Tesla’s Dojo Supercomputer Violates All Established Industry Standards – CleanTechnica Deep Dive, Part 3
If you missed the early parts of this series, read first: Tesla’s Dojo Supercomputer Breaks All Established Industry Standards – CleanTechnica Deep Dive Part 1 and Tesla’s Dojo Supercomputer Breaks All Established Industry Standards industry – CleanTechnica Deep Dive, part 2.
Network SoCs together
Now normally each SoC sends signals through pins to the motherboard which are then redistributed.

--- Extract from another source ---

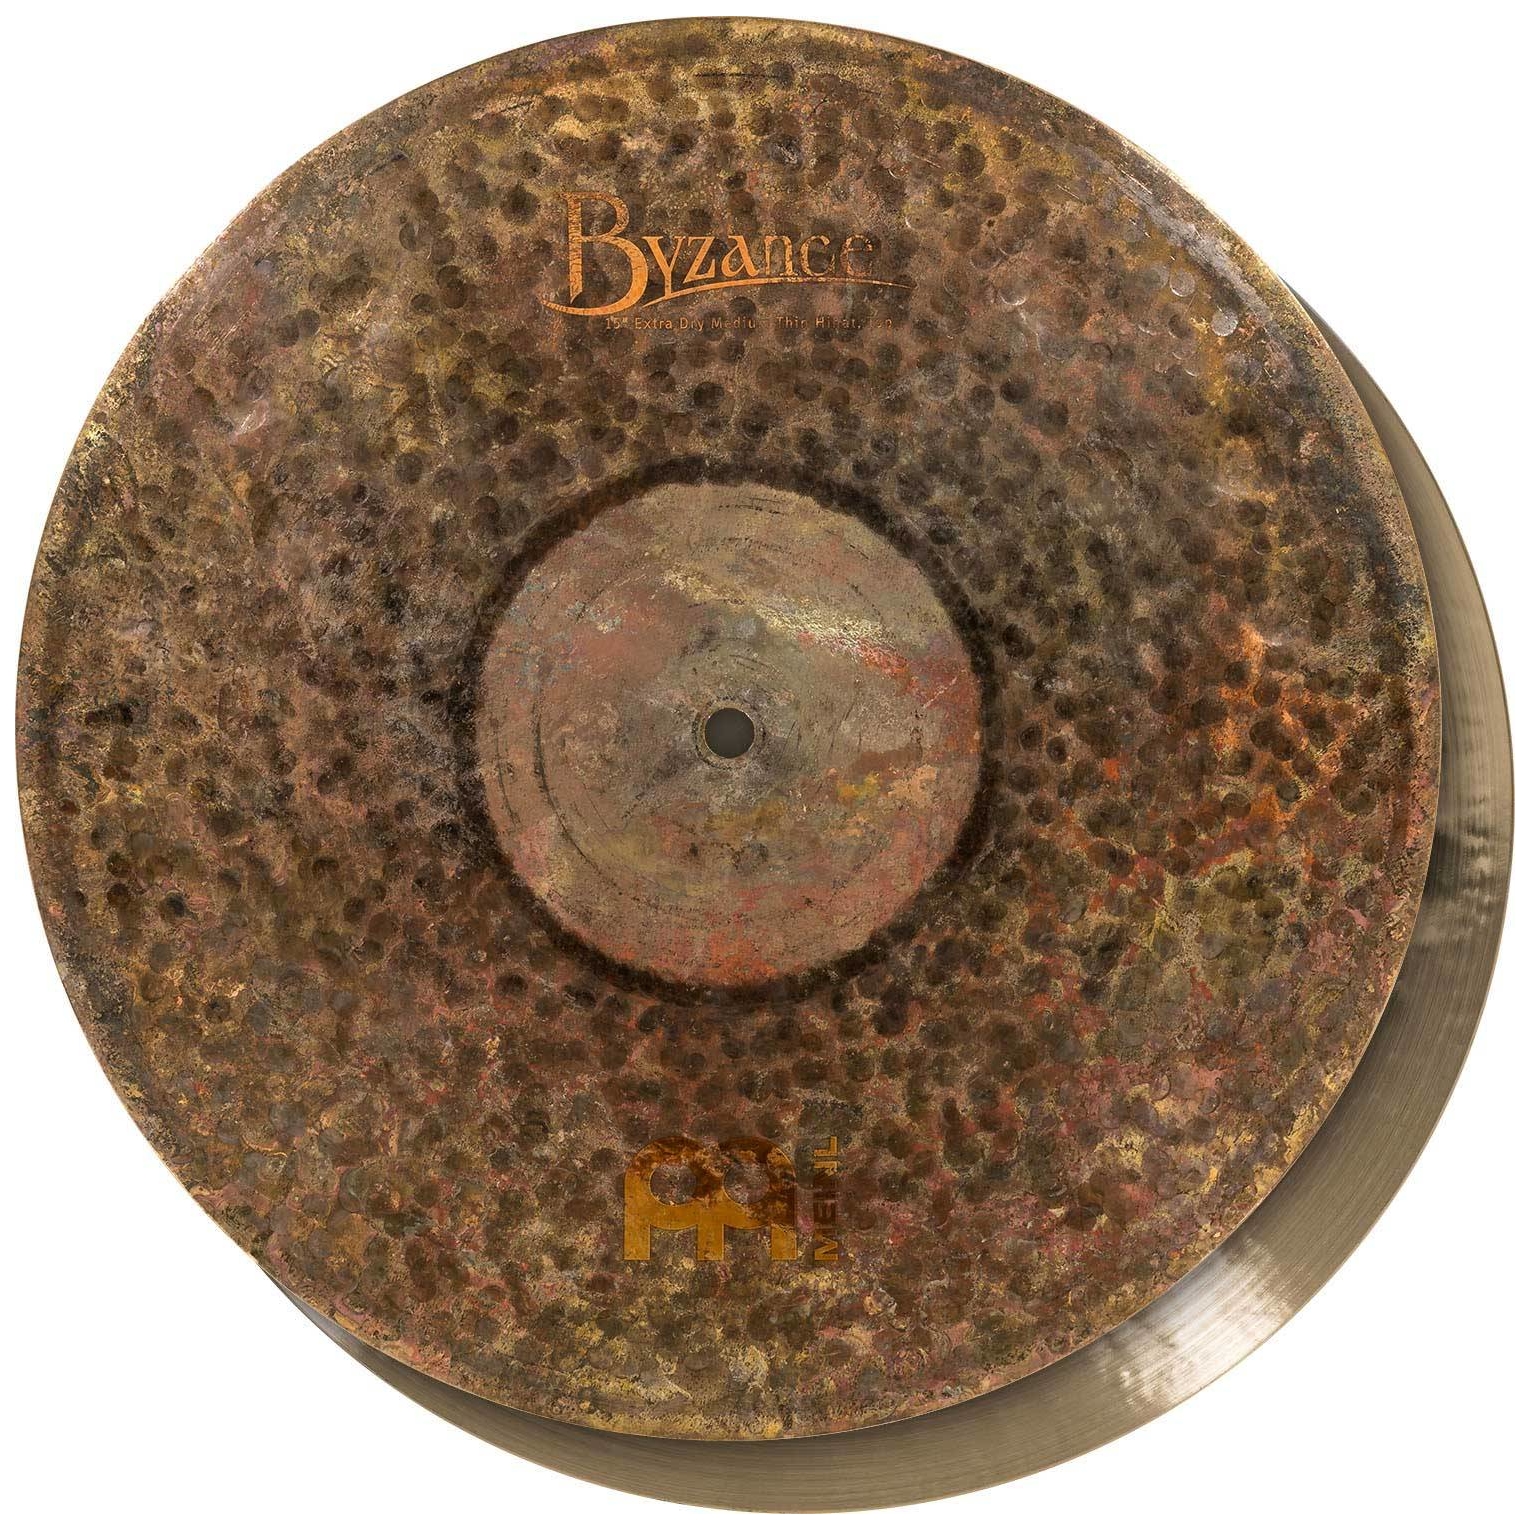 Meinl Cymbals B15EDMTH - 15" Byzance Extra Dry Medium Thin Hihat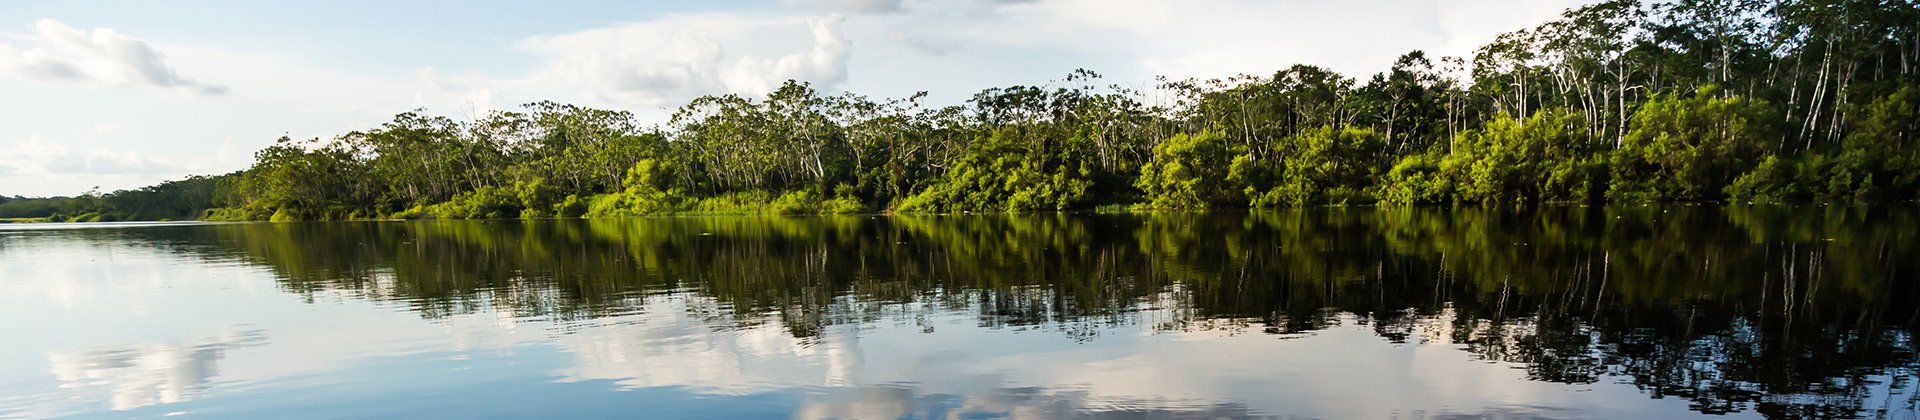 Amazon River, Iquitos

Tesla does not remove the SoCs from the wafer and instead connects all SoCs on the wafer with 72 network nodes for a total of 16TB / s or 4TB / s per edge that can connect it to a neighboring SoC. This means that each network node on the chip is capable of 222 Gb / s. During the presentation, Tesla said it is twice as fast as today’s leading edge network switching chips. At first I was skeptical of this claim, but after doing some research they are theoretically correct and the big network chip companies like Broadcom and Cisco have only been able to achieve speeds of 25.6 terabits per second per second. chip, which when converted is equivalent to 3.2 terabytes. .
I see why Tesla was surprised that the Gold Standard didn’t look exactly that great compared to what they were able to do, especially since networking isn’t the primary focus of this chip. , while for networking chips it is. Tesla’s D1 chip and training tile keep impressing with every turn.
Networking training tiles together
Now for the next unit of measurement, here is some good basic information. A traditional hard drive with spinning disks inside that everyone has and can easily reach several terabytes inside is unfortunately a bit slow, it has a read / write speed of between 50 and 150MB / s Also, it is important to keep in mind that we are now talking about sequential speeds like file transfer and not random speeds related to RAM. Then a solid state drive or regular SSD that uses NAND flash memory and is connected through a standard SATA port will have a speed between 200 and 500MB / s. Newer NVMe SSDs connected through an M.2 slot can achieve speed of 8 Gb / s, and the latest SSDs using the new PCI-e Gen 4 connection have a theoretical limit of 64 Gb / s. fastest product available on the market only has a speed of 15 Gb / s. Next, speaking of PCI-e Gen 4, Tesla also uses it to connect his training tiles (or wafers). But with 40 connectors and 32TB / s of bandwidth, that means each connector enjoys a speed of 900Gb / s, but how is that possible when I just said 64Gb / s is the limit? for PCI-e Gen 4?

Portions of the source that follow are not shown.